I have a recursive hierarchy in a relational database, this reflects teams and their position within a hierarchy.
I wish to flatten this hierarchy into a dimension for data warehousing, it's a SQL Server database, using SSIS to SSAS.
I have a table, teams:
teamid Teamname
1 Team 1
2 Team 2
And a table teamhierarchymapping:
Teamid heirarchyid
1 4
2 2
And a table hierarchy:
sequenceid parentsequenceid Name
1 null root
2 1 Level 1.1
3 1 Level 1.2
4 3 Level 1.2 1
Giving
Level 1.1 (Contains Team 2)
root <
Level 1.2 <
Level 1.2 1 (Contains Team 1)
I want to flatten this to a dimension like:
Team Name Level 1 Level 2 Level 3
Team 1 Root Level 1.1 [None]
Team 2 Root Level 1.2 Level 1.2 1
I've tried various nasty sets of SQL to try and bring that together, and various piping around in SSIS (which I am just starting to pick up), and I'm not finding a solution that brings it together.
Can anyone help?
(Edit corrected issue with sample data, I think)
Do you have an error in your sample data? I can't see how the hierarchy mapping connects to the hierarchy table to get the results you want, unless the hierarchy mapping is teamid 1 => hierid 2 and teamid 2 => hierid 4.

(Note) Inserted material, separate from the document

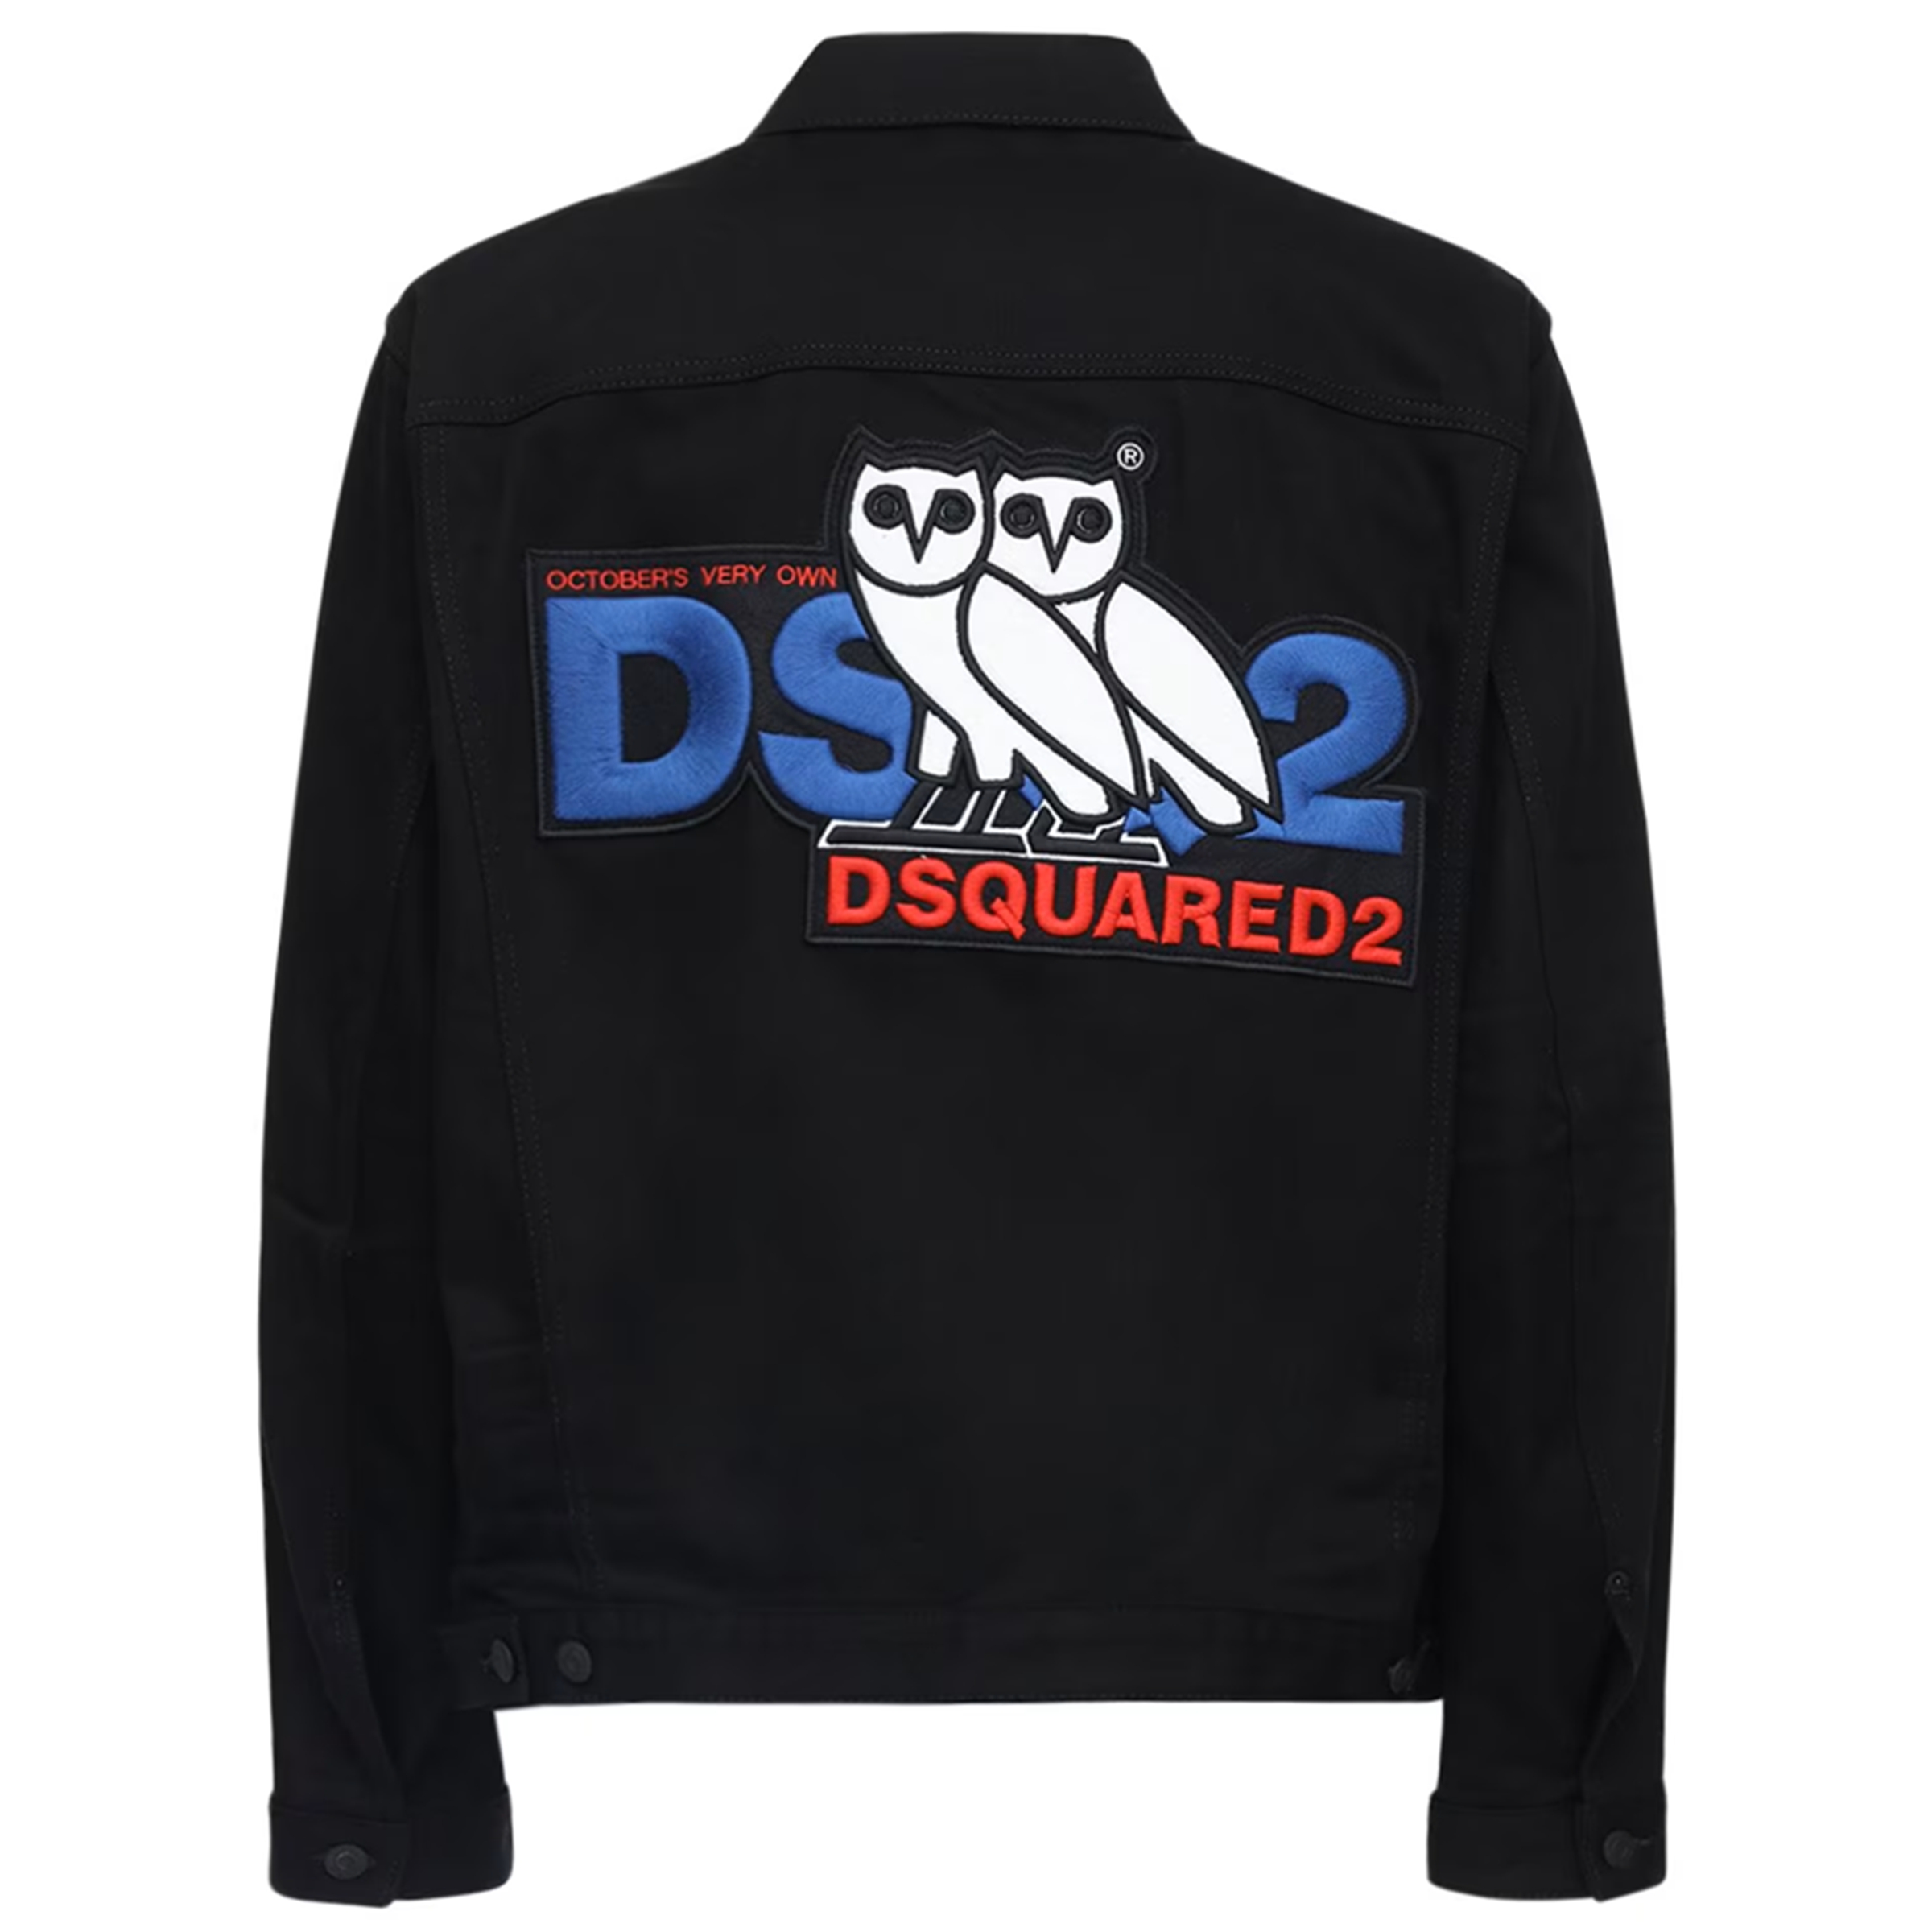 DSQUARED2 x OVO - "Capsule Logo" Denim Jacket

SSIS may not be able to do it (easily), so it may be better to create a OLEDB Source that executes SQL of the following format. Note this does assume you're using SQL Server 2008 as the 'PIVOT' function was introduced there...
WITH hier AS (
SELECT parentseqid, sequenceid, hiername as parentname, hiername FROM TeamHierarchy
UNION ALL
SELECT hier.parentseqid, TH.sequenceid, hier.parentname, TH.hiername FROM hier
INNER JOIN TeamHierarchy TH ON TH.parentseqid = hier.sequenceid
),
teamhier AS (
SELECT T.*, THM.hierarchyid FROM Teams T
INNER JOIN TeamHierarchyMapping THM ON T.teamid = THM.teamid
)
SELECT *
FROM (
SELECT ROW_NUMBER() OVER (PARTITION BY teamname ORDER BY teamname, sequenceid, parentseqid) AS 'Depth', hier.parentname, teamhier.teamname
FROM hier
INNER JOIN teamhier ON hier.sequenceid = teamhier.hierarchyid
) as t1
PIVOT (MAX(parentname) FOR Depth IN ([1],[2],[3],[4],[5],[6],[7],[8],[9])) AS pvtTable
ORDER BY teamname;
There's a few different elements to this, and there may be a better way to do it, but for flattening hierarchies, CTE's are ideal.

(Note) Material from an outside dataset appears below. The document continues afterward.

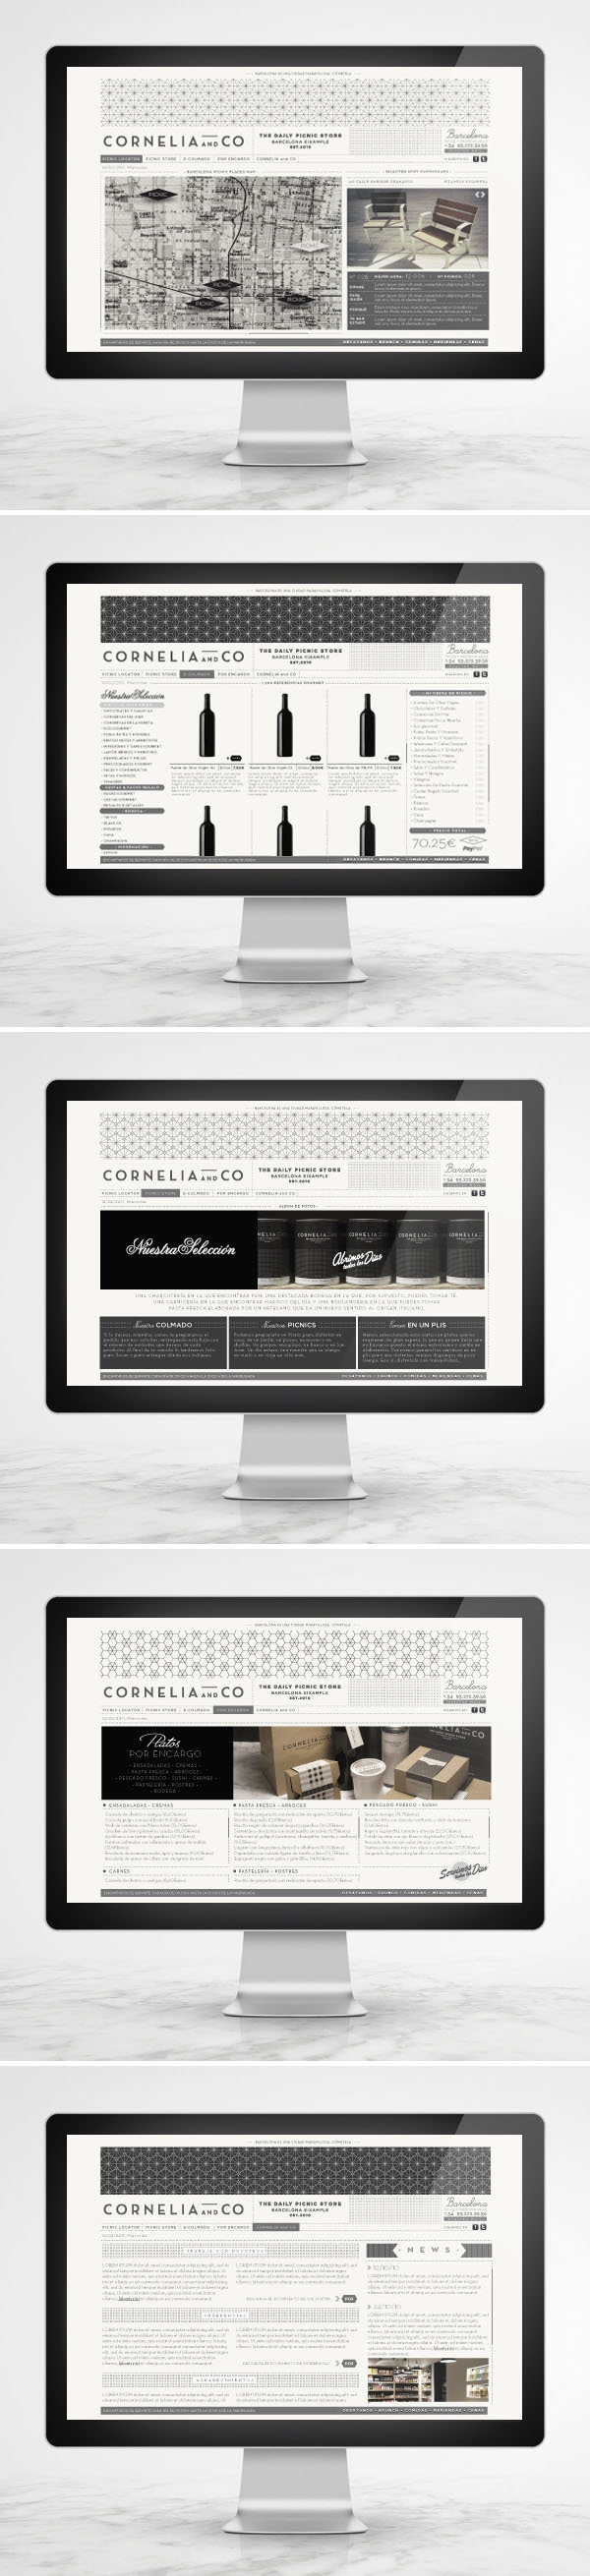 Cornelia and Co Website - Web Design by Oriol Gil

Two CTEs are created: 'hier' which takes care of flattening the hierarchy and 'teamhier' which is just a helper "view" to make the joins later on simpler. IF you just take the hier CTE and run it, you'll get your flattened view:
WITH hier AS (
SELECT parentseqid, sequenceid, hiername as parentname, hiername FROM TeamHierarchy
UNION ALL
SELECT hier.parentseqid, TH.sequenceid, hier.parentname, TH.hiername FROM hier
INNER JOIN TeamHierarchy TH ON TH.parentseqid = hier.sequenceid
)
SELECT * FROM hier ORDER BY parentseqid, sequenceid
The next part of it basically takes this flattened view, joins it to your team tables (to get the team name) and uses SQL Server's PIVOT to rotate it round and get everything aligned as you want it. More information on PIVOT is available on the MSDN.
If you're using SQL Server 2005, then you can just take the hierarchy flattening bit and you should be able to use SSIS's native 'PIVOT' transformation block to hopefully do the dirty pivoting work.